══ COLLECTED DATA ══

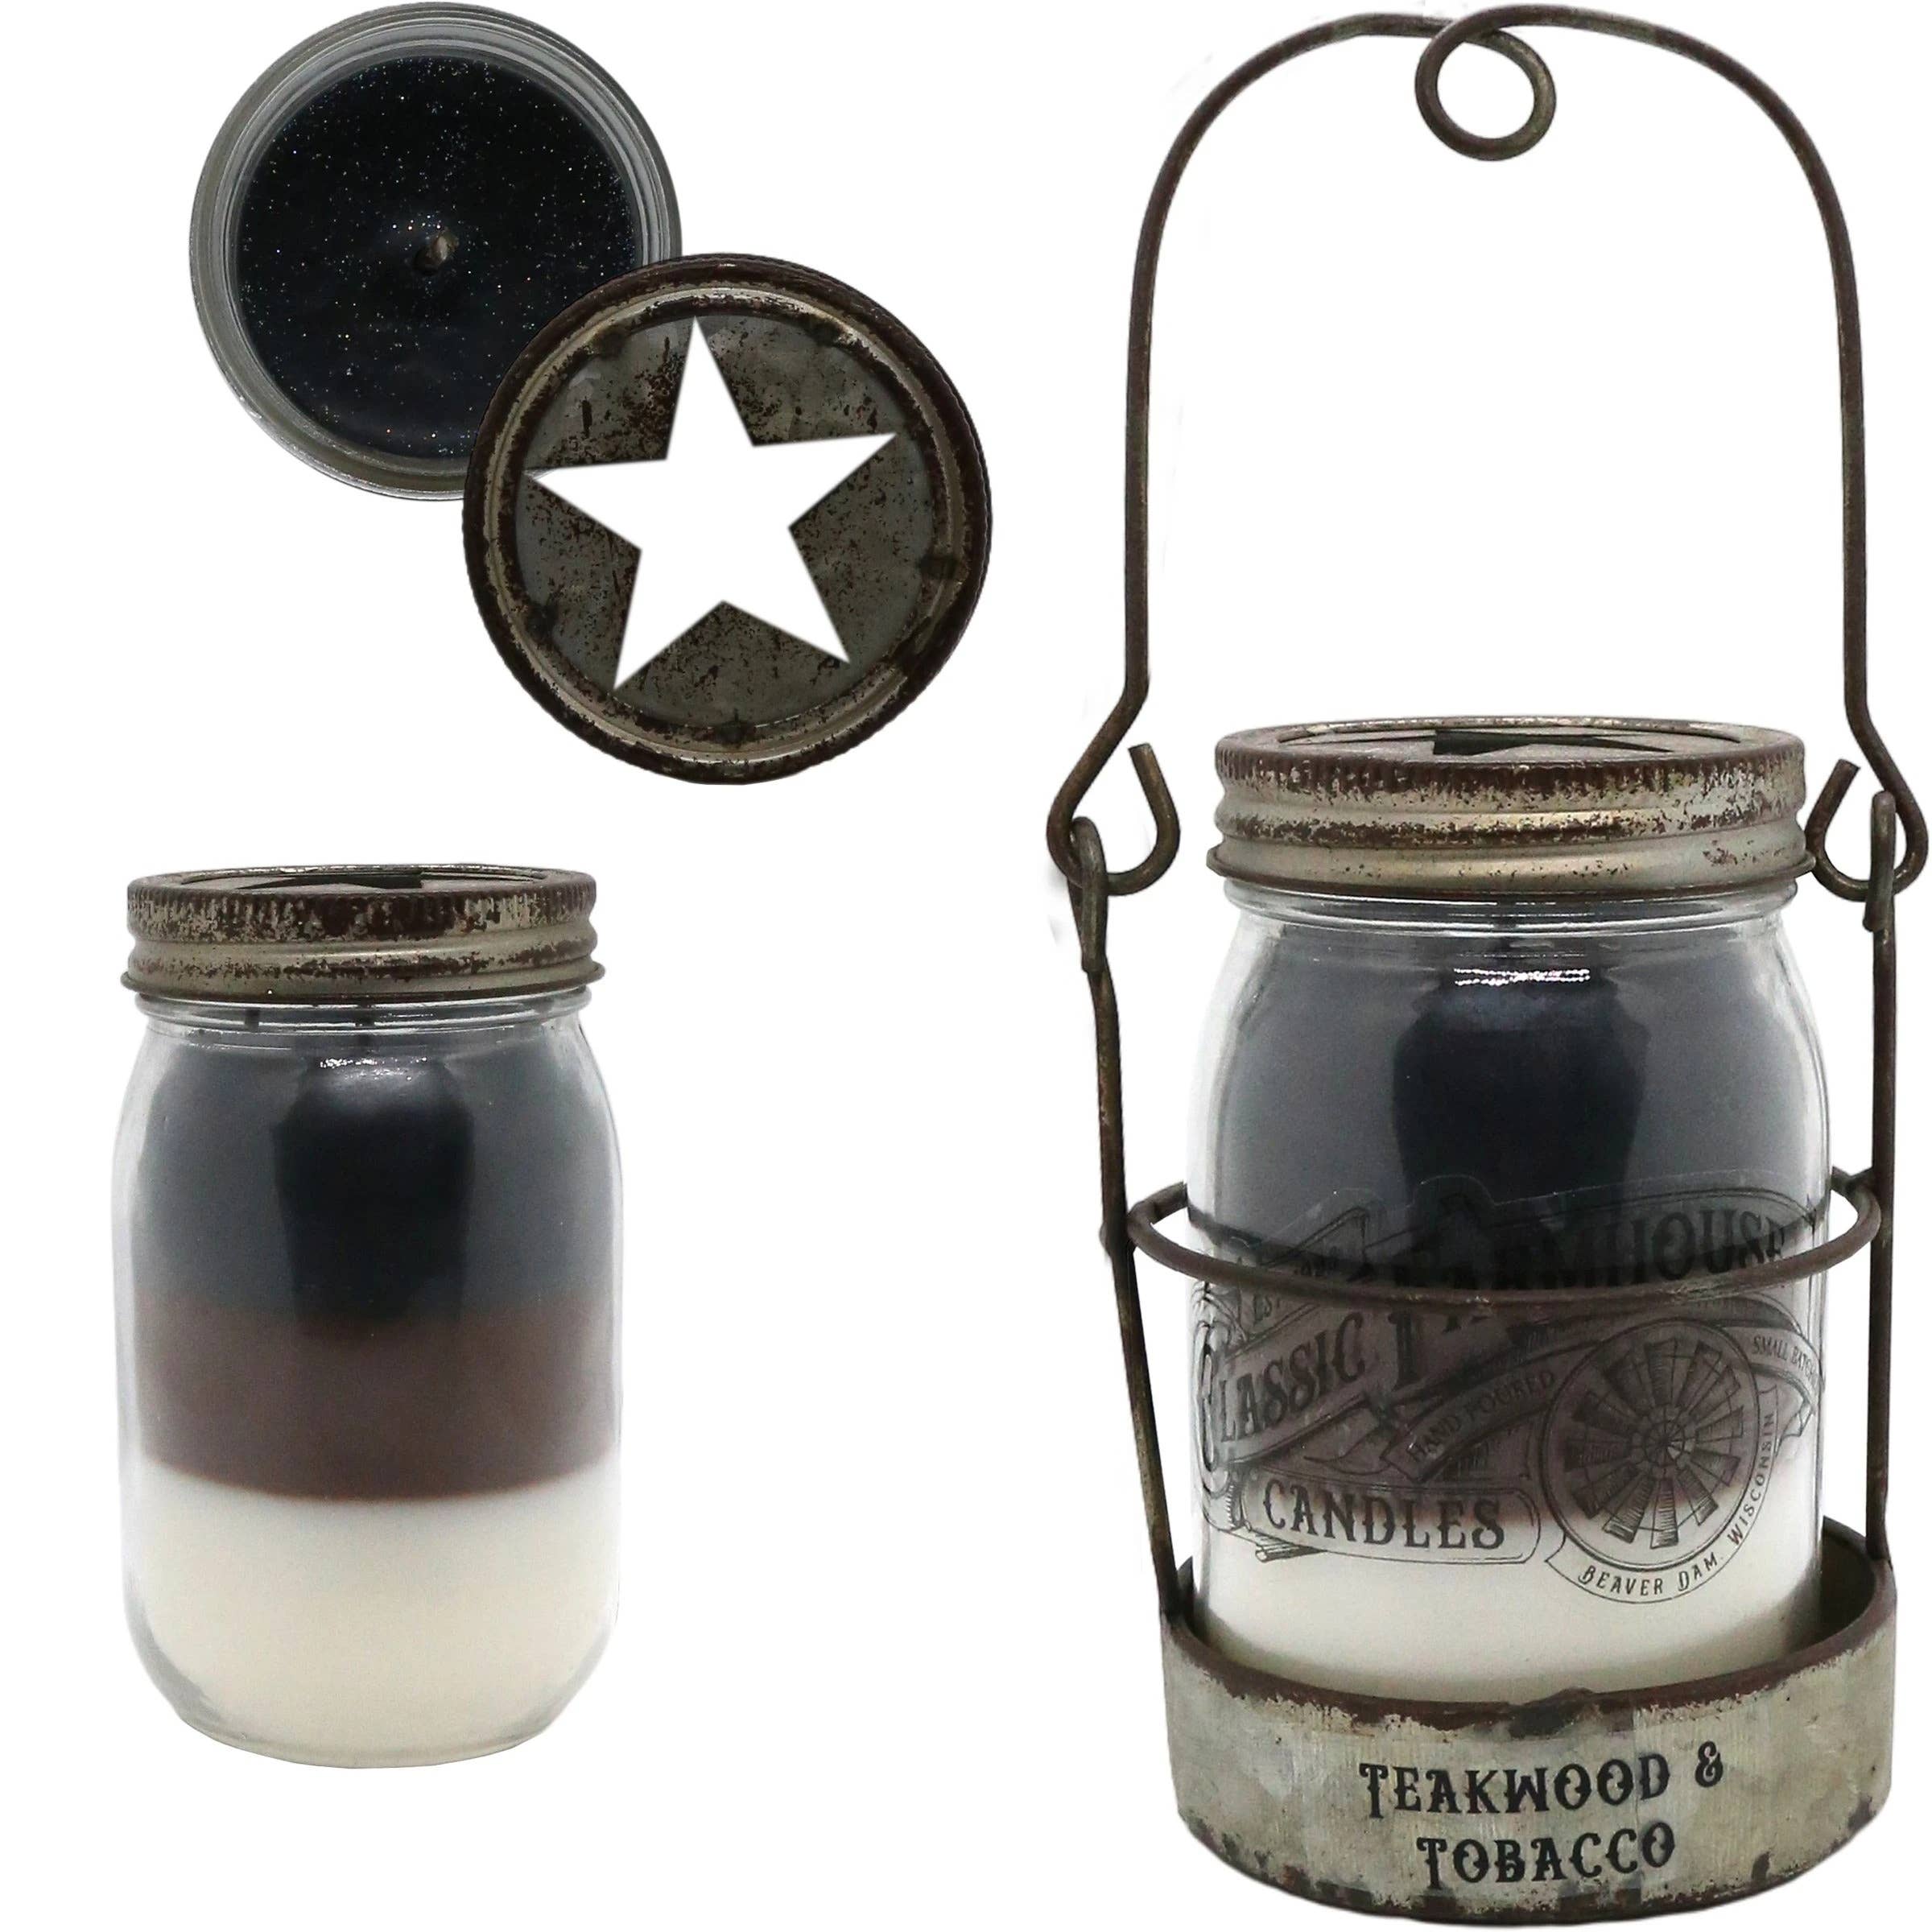 TEAKWOOD & TOBACCO - Classic Farmhouse Candles
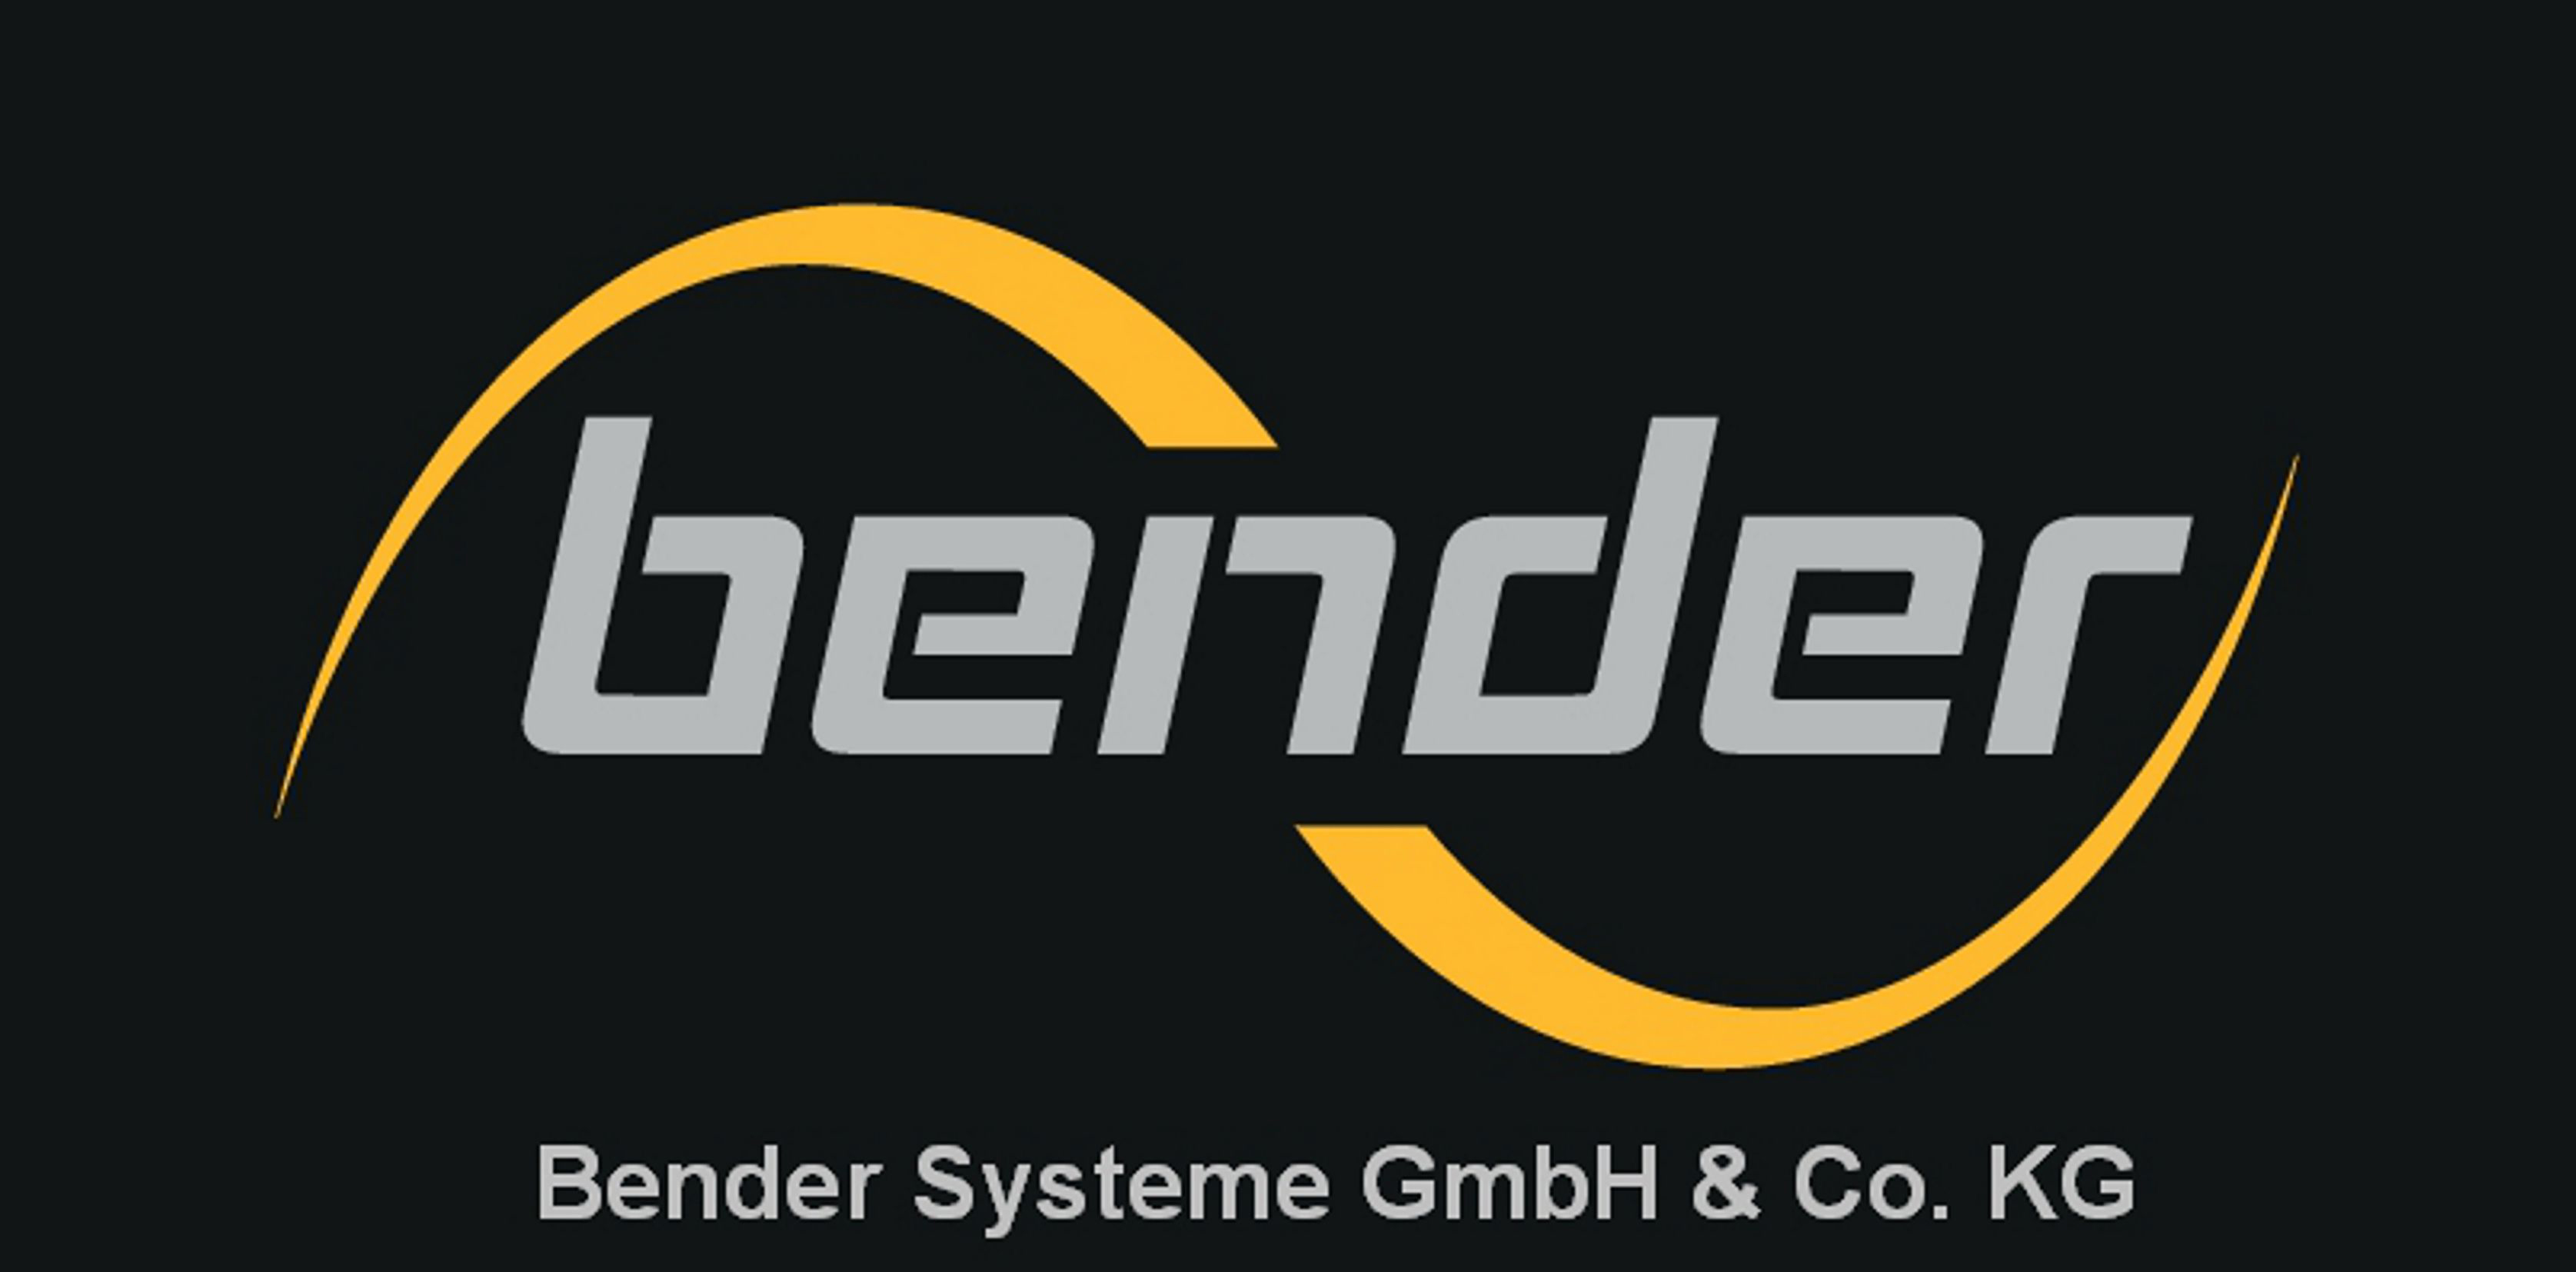 Bender Systeme
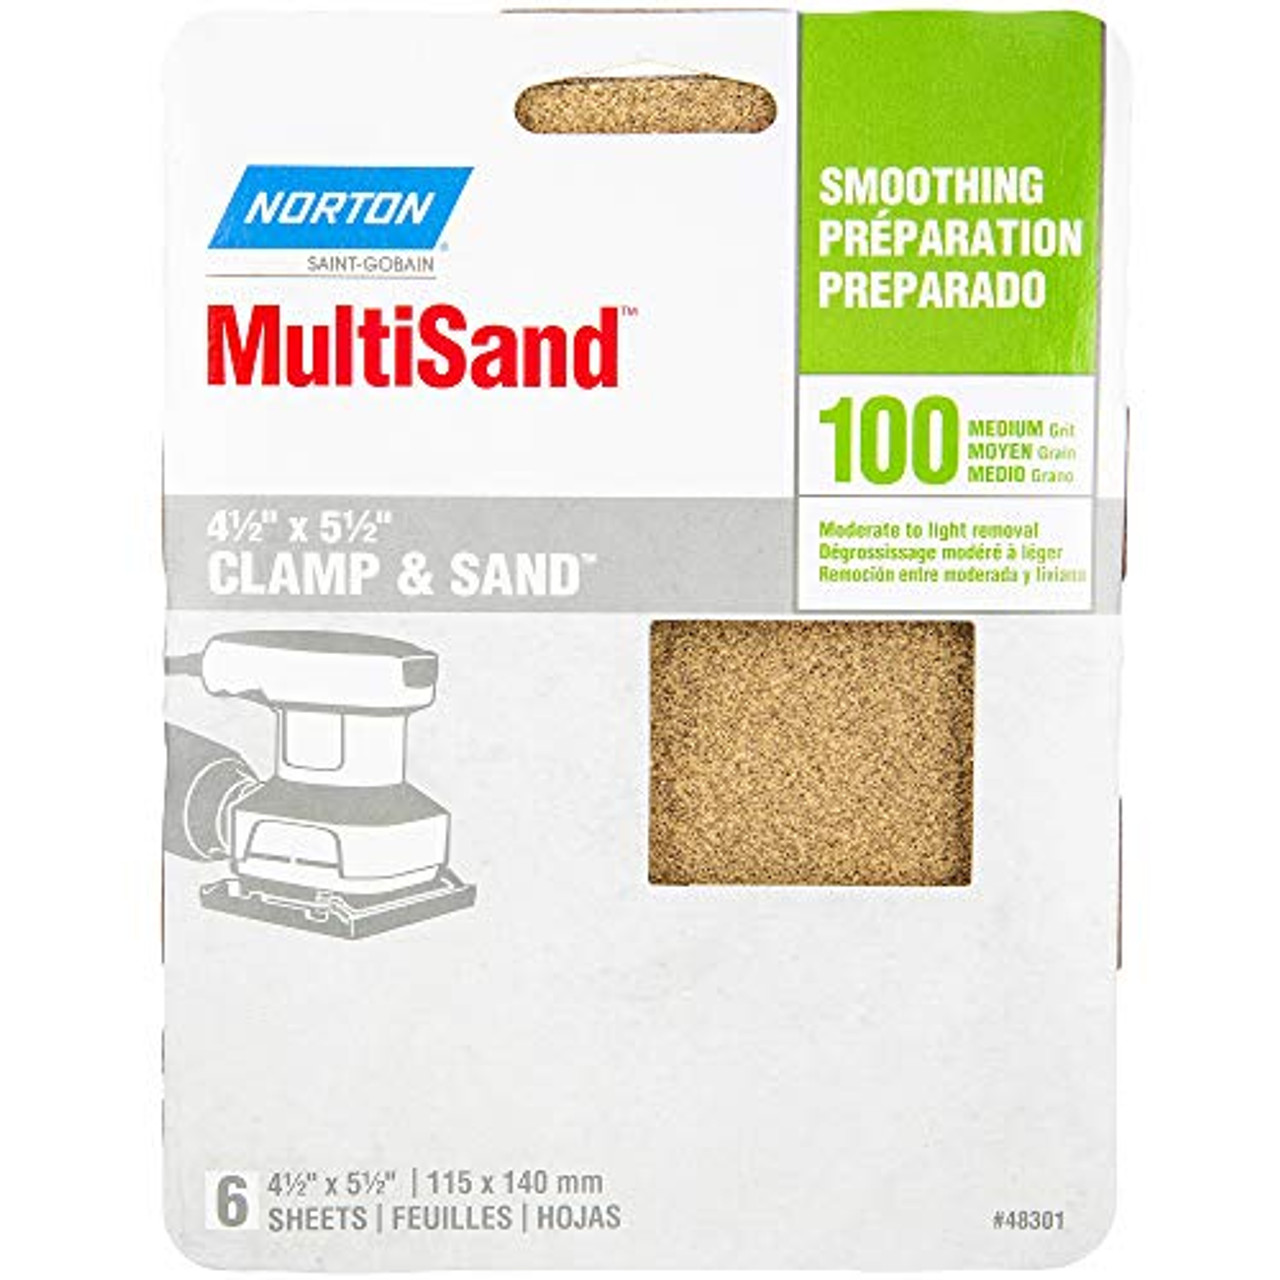 Norton (48301), MultiSand 4-1/2" x 5-1/2", 100 Medium Grit Sandpaper Sheets, 1 Pack of 6 Sanding Sheets

═══

### WHAT TO PRODUCE
Return the data above in its exact wording, with none of the pictures.

### WRITTEN ANSWER
 TEAKWOOD & TOBACCO - Classic Farmhouse Candles
 Bender Systeme
 Norton (48301), MultiSand 4-1/2" x 5-1/2", 100 Medium Grit Sandpaper Sheets, 1 Pack of 6 Sanding Sheets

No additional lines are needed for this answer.